▶ _TASK STATEMENT_
Print the data exactly. Omit the pictures.

▶ _DATA BLOCK_

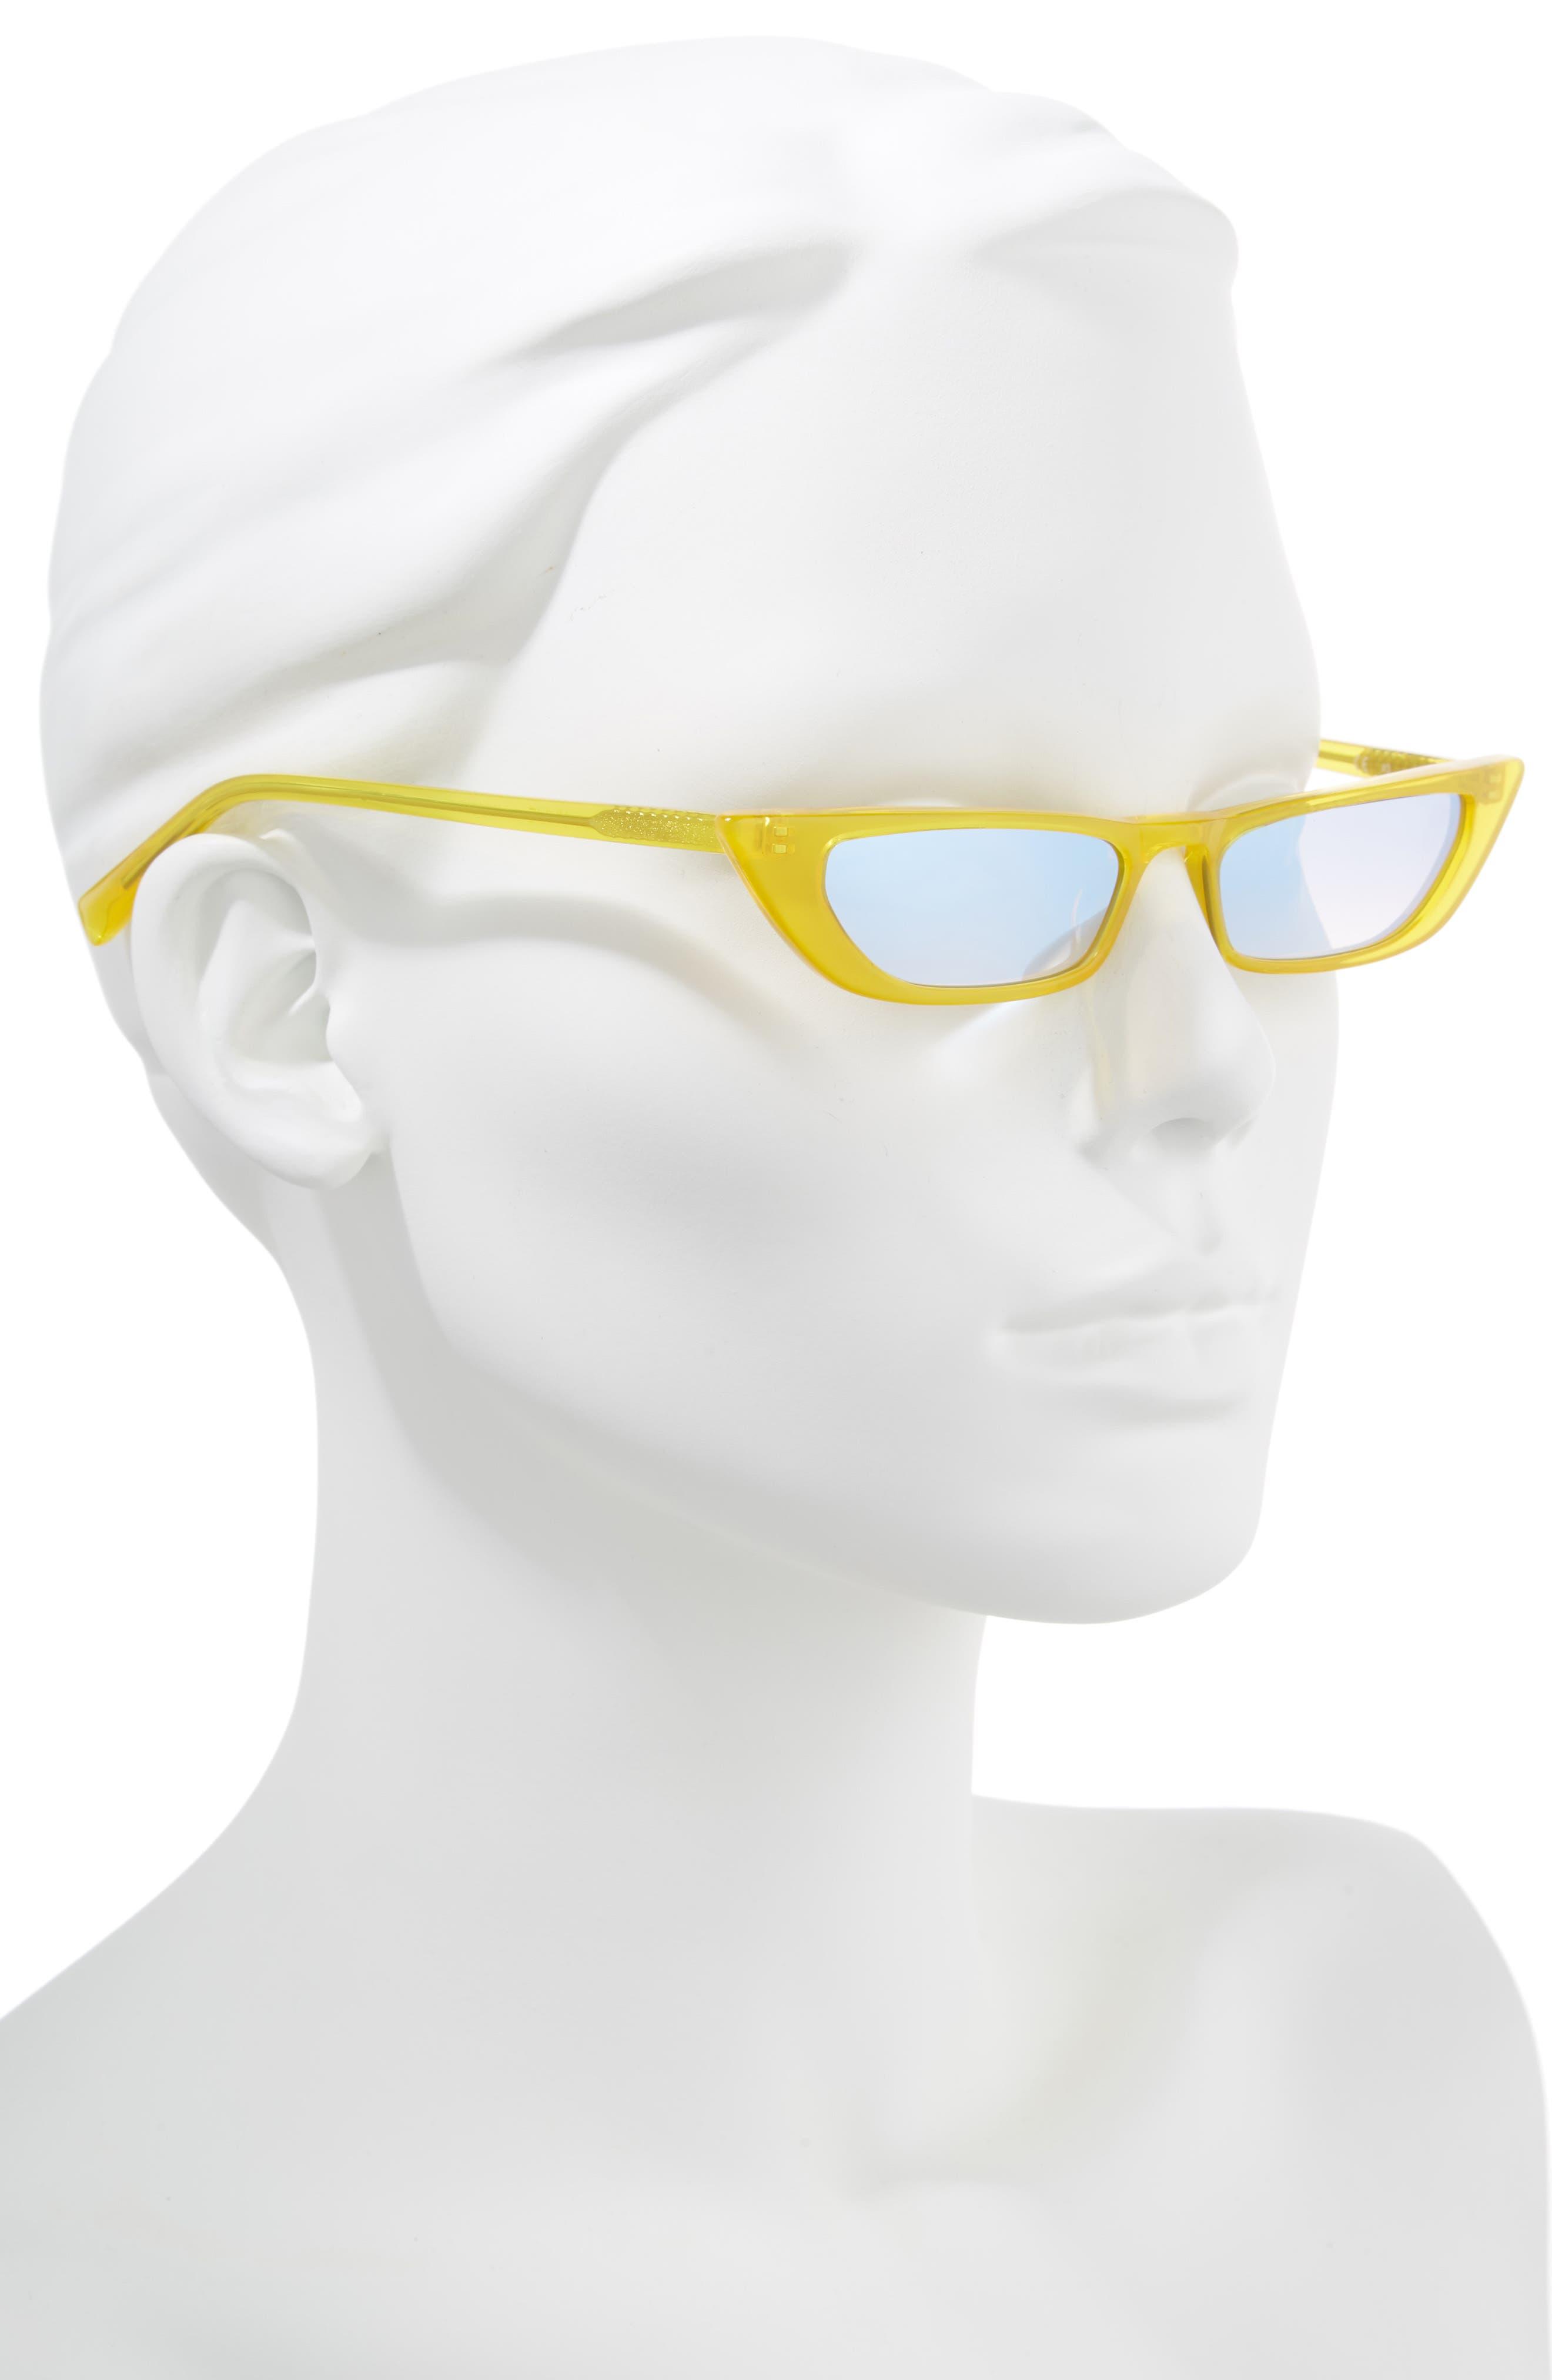 Vivian Extreme 51mm Cat Eye Sunglasses,                             Alternate thumbnail 2, color,                             SUN CITY YELLOW/ SOLID SMOKE
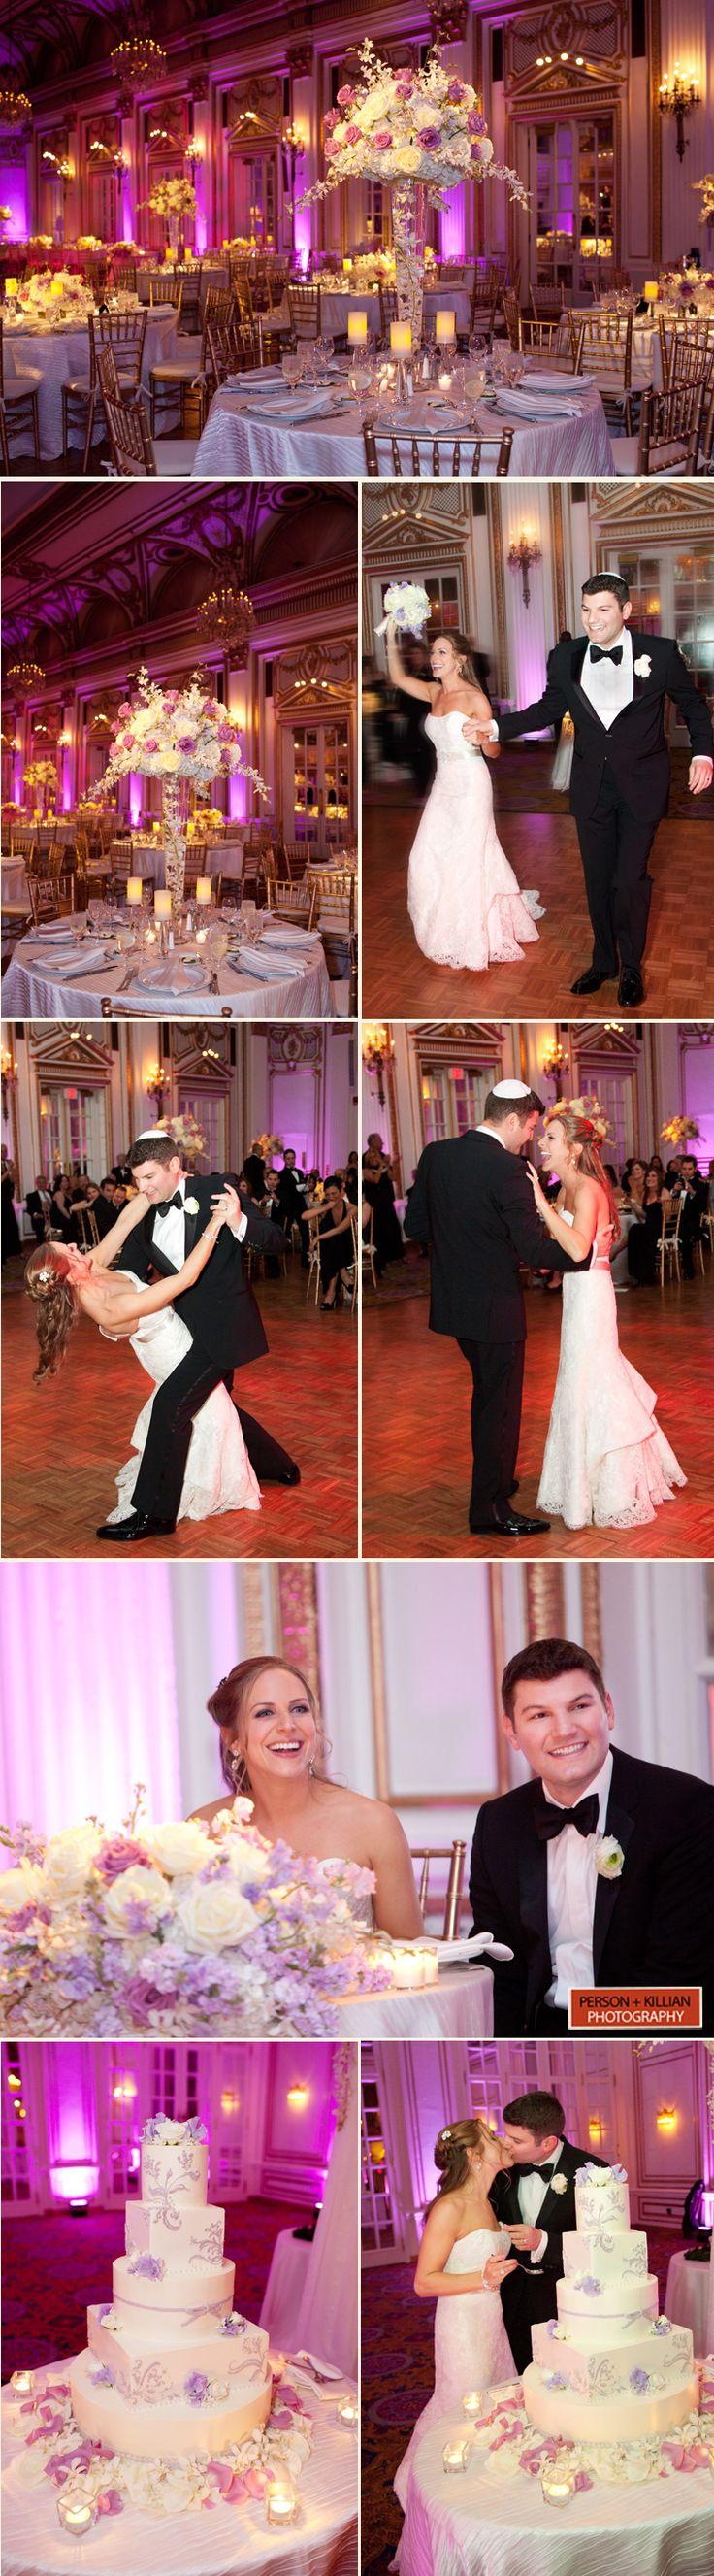 Fairmont Copley Plaza Boston Wedding Photographs
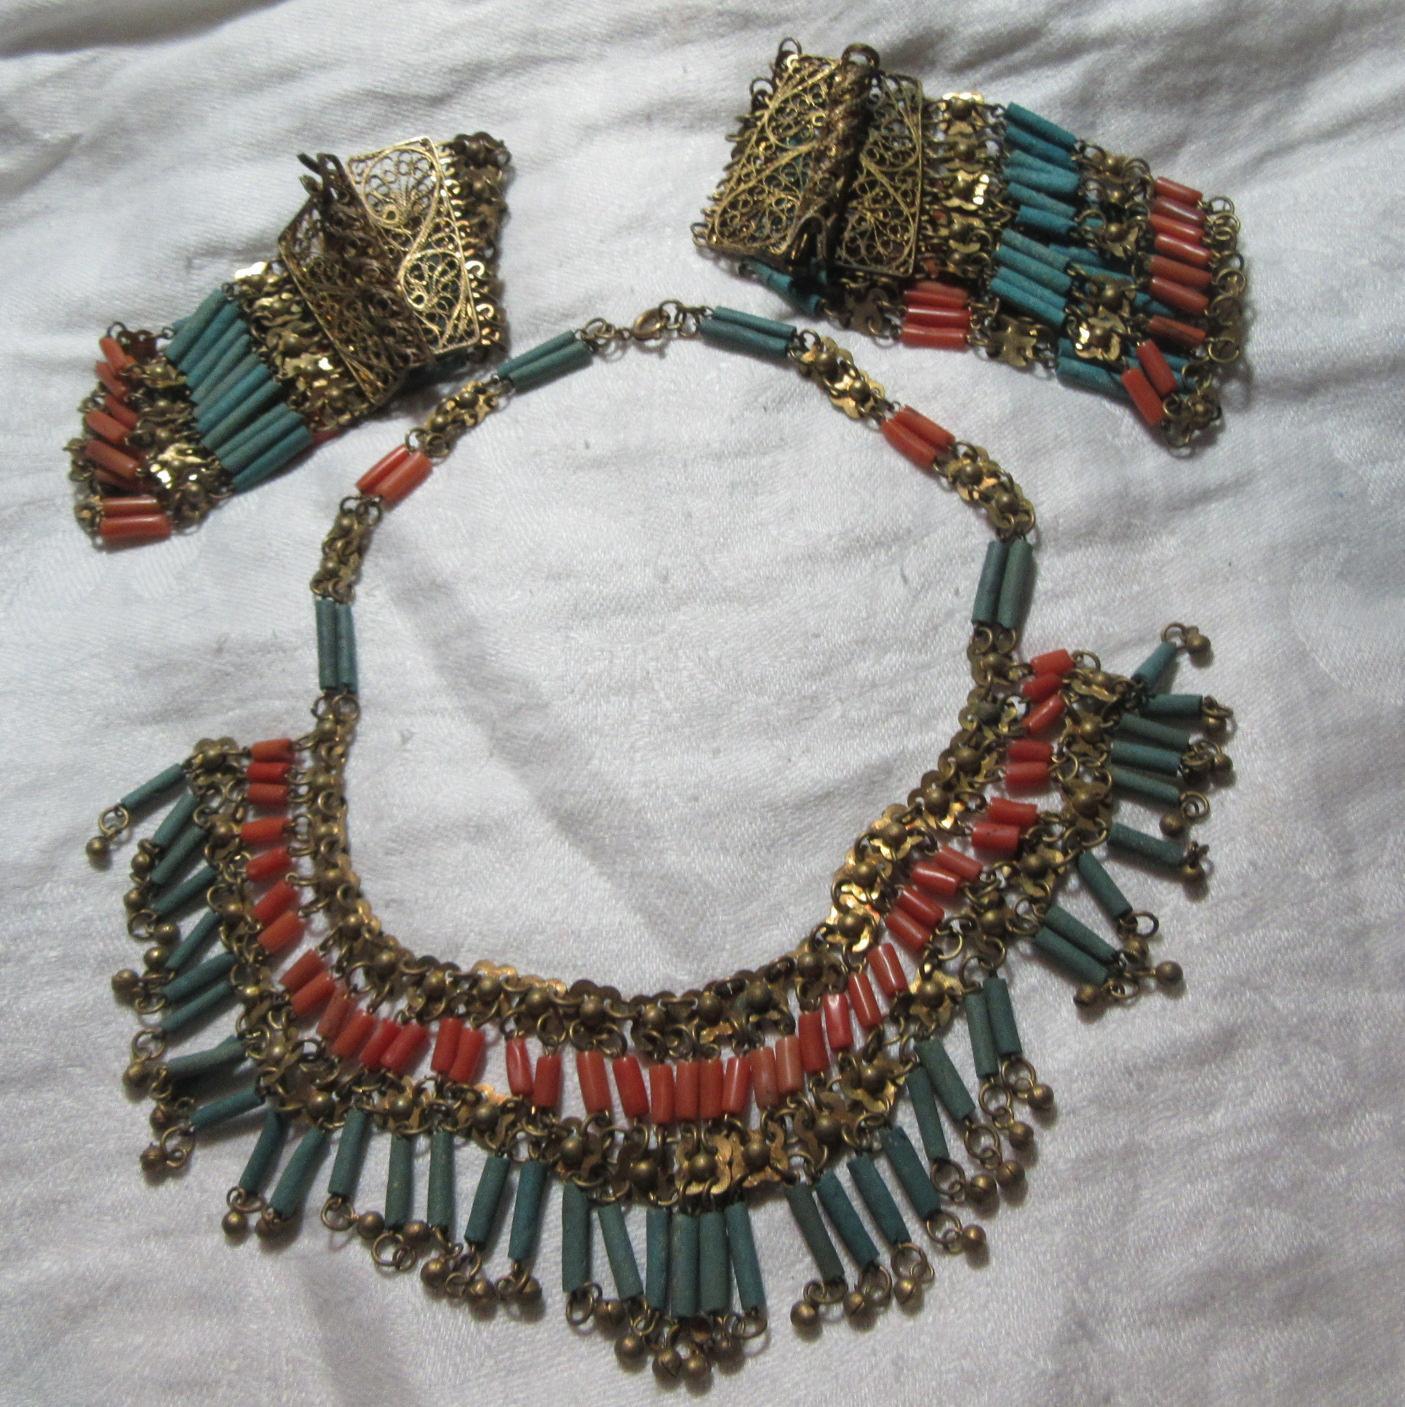 Rare Vintage Egyptian Revival Necklace and 2 Bracelets Set Jewelry

▶ _REPLY TO THE TASK_
 Vivian Extreme 51mm Cat Eye Sunglasses,                             Alternate thumbnail 2, color,                             SUN CITY YELLOW/ SOLID SMOKE
 Fairmont Copley Plaza Boston Wedding Photographs
 Rare Vintage Egyptian Revival Necklace and 2 Bracelets Set Jewelry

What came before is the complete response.